Outside, Doyoung leaned against his car per usual, scrolling through his phone with a hand in his pocket. When he heard the door shut, he looked up and closed his phone, his eyes laying on Y/n.
"Hey, babe," he whispered as he wrapped an arm around her waist, "You look so gorgeous this evening."
Y/n pinched his arm, and he looked the other way to Katherine. She bowed down. "Nice to see you too, Doyoung."
"Hmm," Doyoung hummed in response, leading Y/n into the passenger seat of the car and walked over to the driver side himself. He flashed her a cold smile before seating himself and drove away, leaving Katherine in an angry, burning mess.
---
"What was that about?" Y/n's voice broke the silence.
Doyoung flicked the indicator as he stopped at the signal. "What do you mean?"
"That? That whole hugging and complimenting me?"
"Why?" He asked, smoothly turning the car, "I can't hug you and compliment you?"
"That's not the point. I mean, it's not very common but the moment you see Ka-"
"So is this about Katherine?"
"No? It's not?"
"Then what?"
Y/n folded her arms as she focussed her gaze onto the road. "It's just...are you trying to make her jealous?"
"Why would I?"
"I don't know," Y/n's tone sounded worried to Doyoung. She traced the outline of her leg with her nail as licked her lips. "You were supposed to marry her before me..."
"And? I rejected her."
"But that doesn't prove anything."
"What does it not prove?" He shrugged casually. "I'm not into her."
"Then why do you suddenly try to make me feel better than her? Suddenly? Everytime she's near, it's like suddenly she needs to see that you have someone better than her. It's like, she's the moved on ex who's attention you're trying to get, and I'm the pawn stuck in between."

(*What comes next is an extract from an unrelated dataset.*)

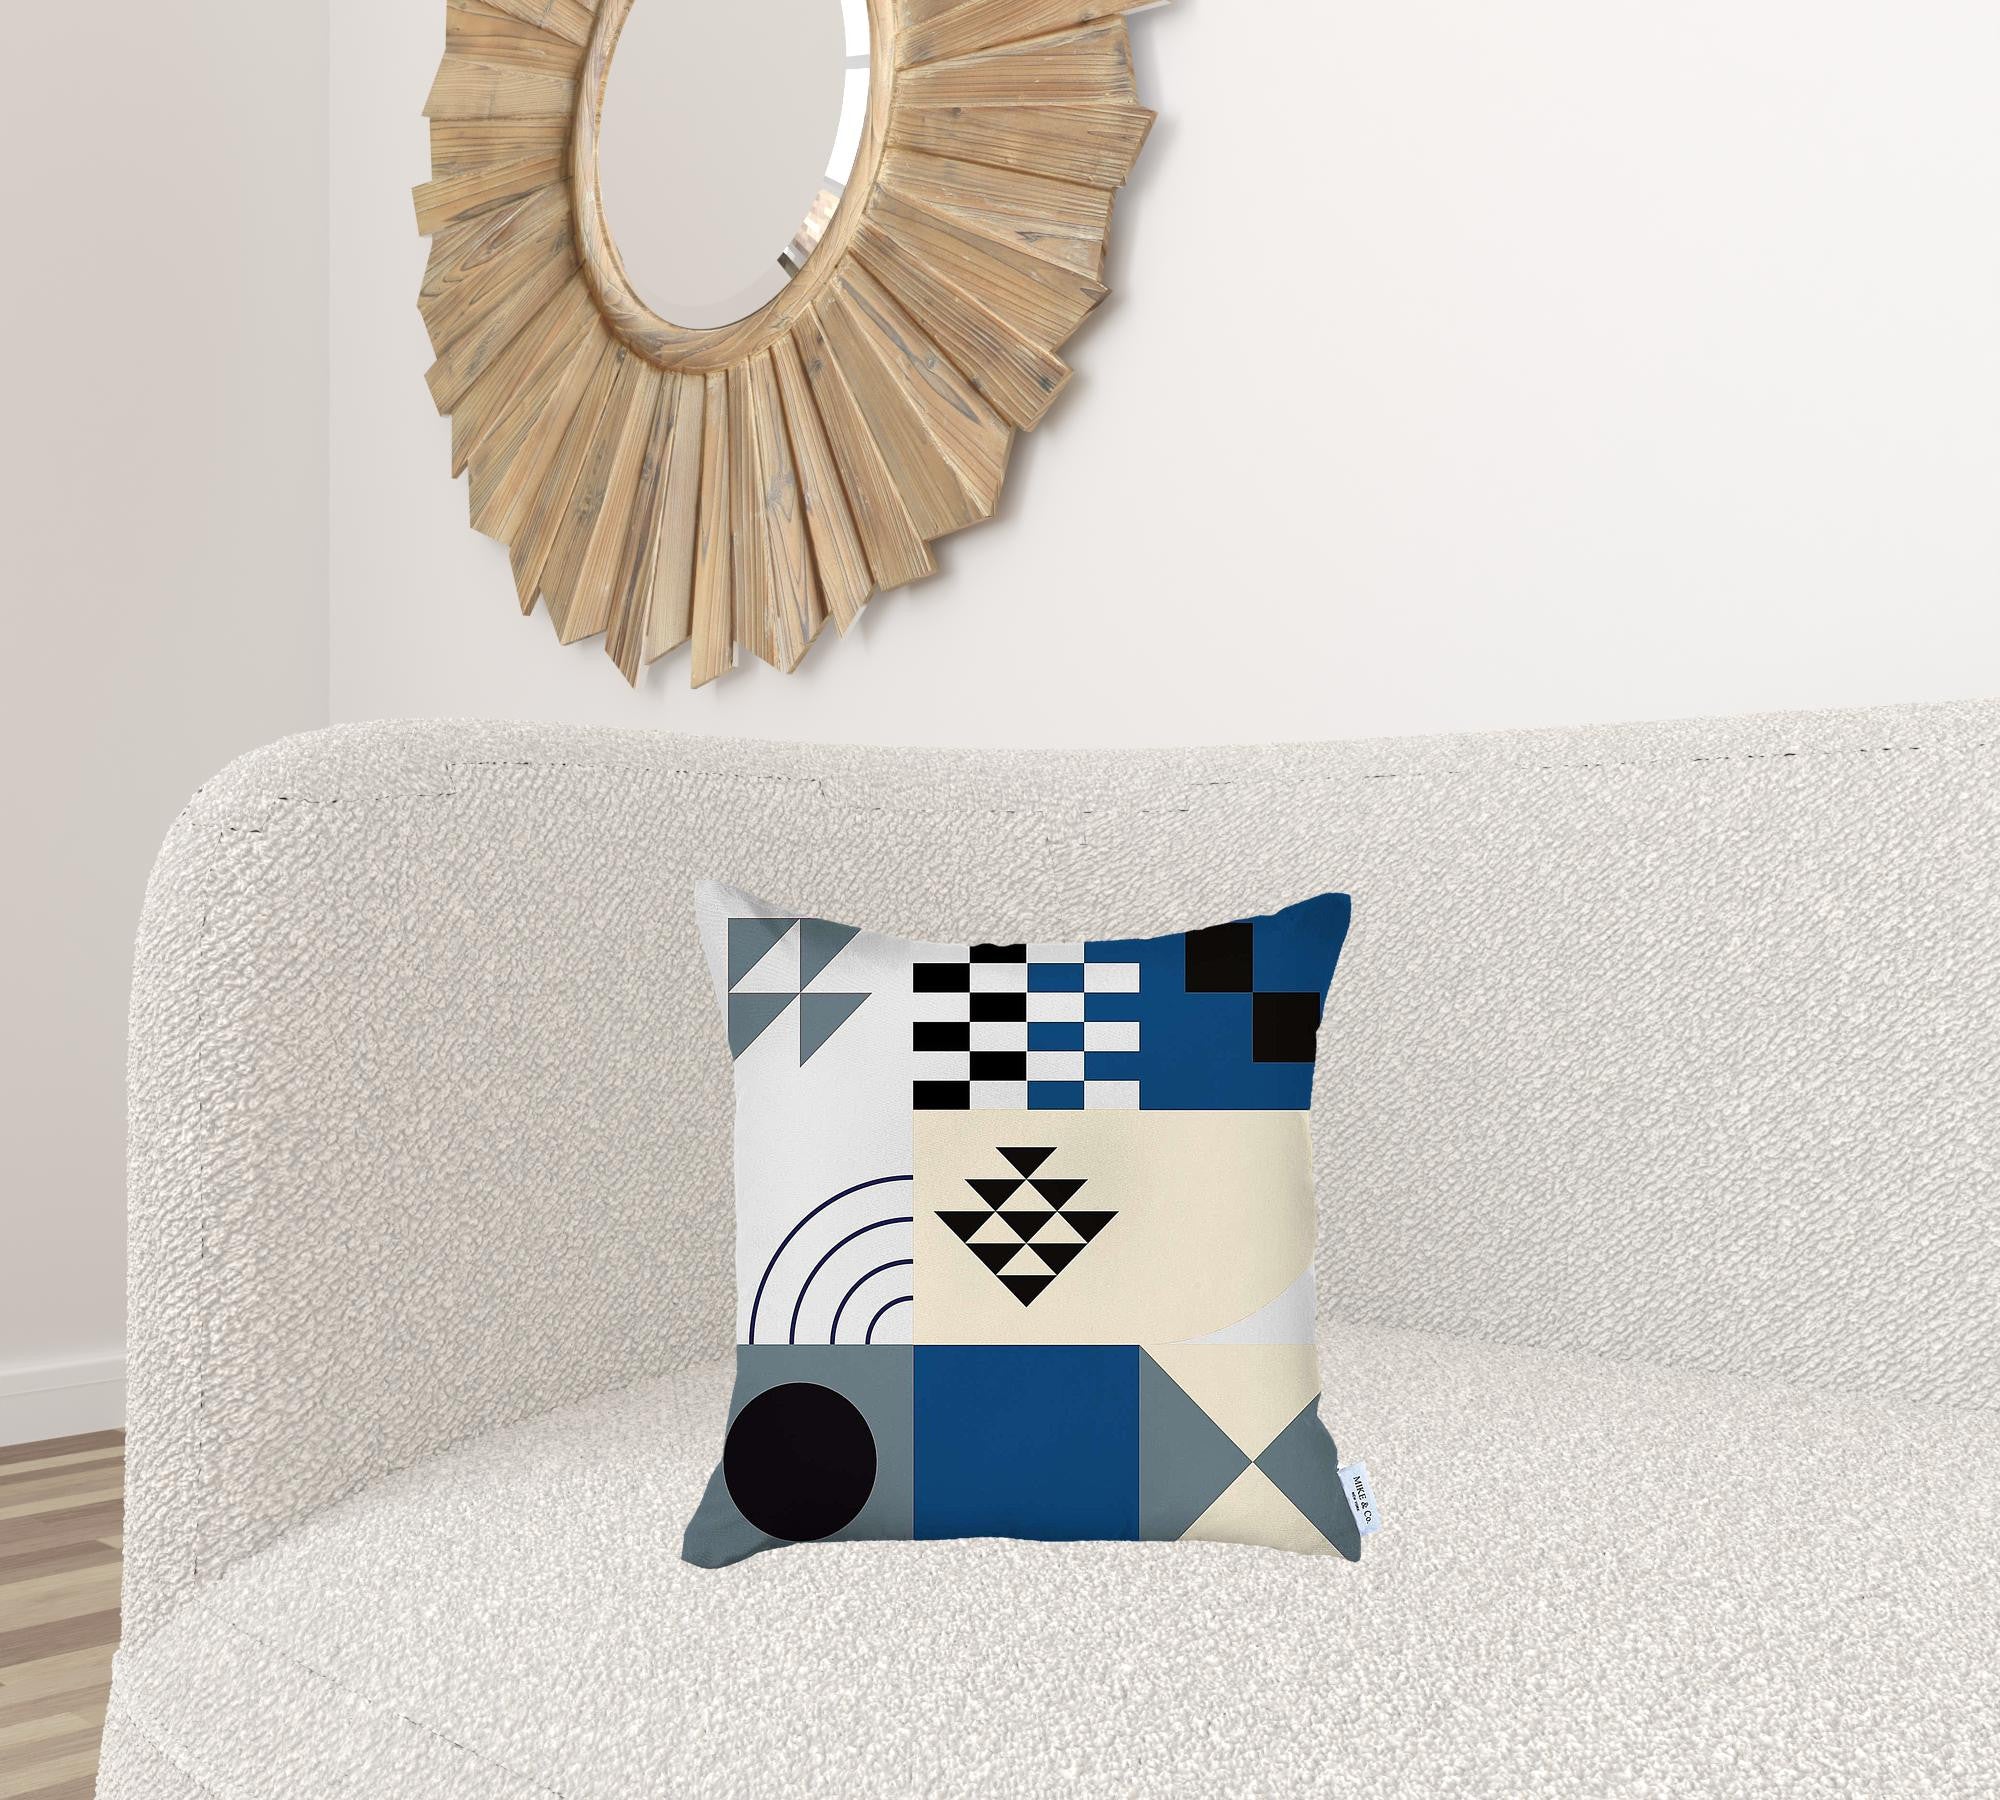 18" X 18" Blue And Black Abstract Zippered Handmade Polyester Throw Pillow Cover

Doyoung's eye twitched with the claim that was just made. He parked the car in the side, facing her as he turned the hazard lights on. "What are you on about here?"
"I-" Y/n felt a loss of words. She felt that this was unfair. Why, she didn't know. She felt wronged, as if they were an actual couple. And it ached, hard. Her heart was sinking all of a sudden. The petals started drooping of her flower. What is happening? Why was she upset? It shouldn't really matter, they weren't a "thing". Then...why did it feel so bad?
He continued with a soft sigh, yet his words seemed to hold a firm grip of her feelings. "If you don't like my compliments and my touch, just tell me. If it makes you uncomfortable-"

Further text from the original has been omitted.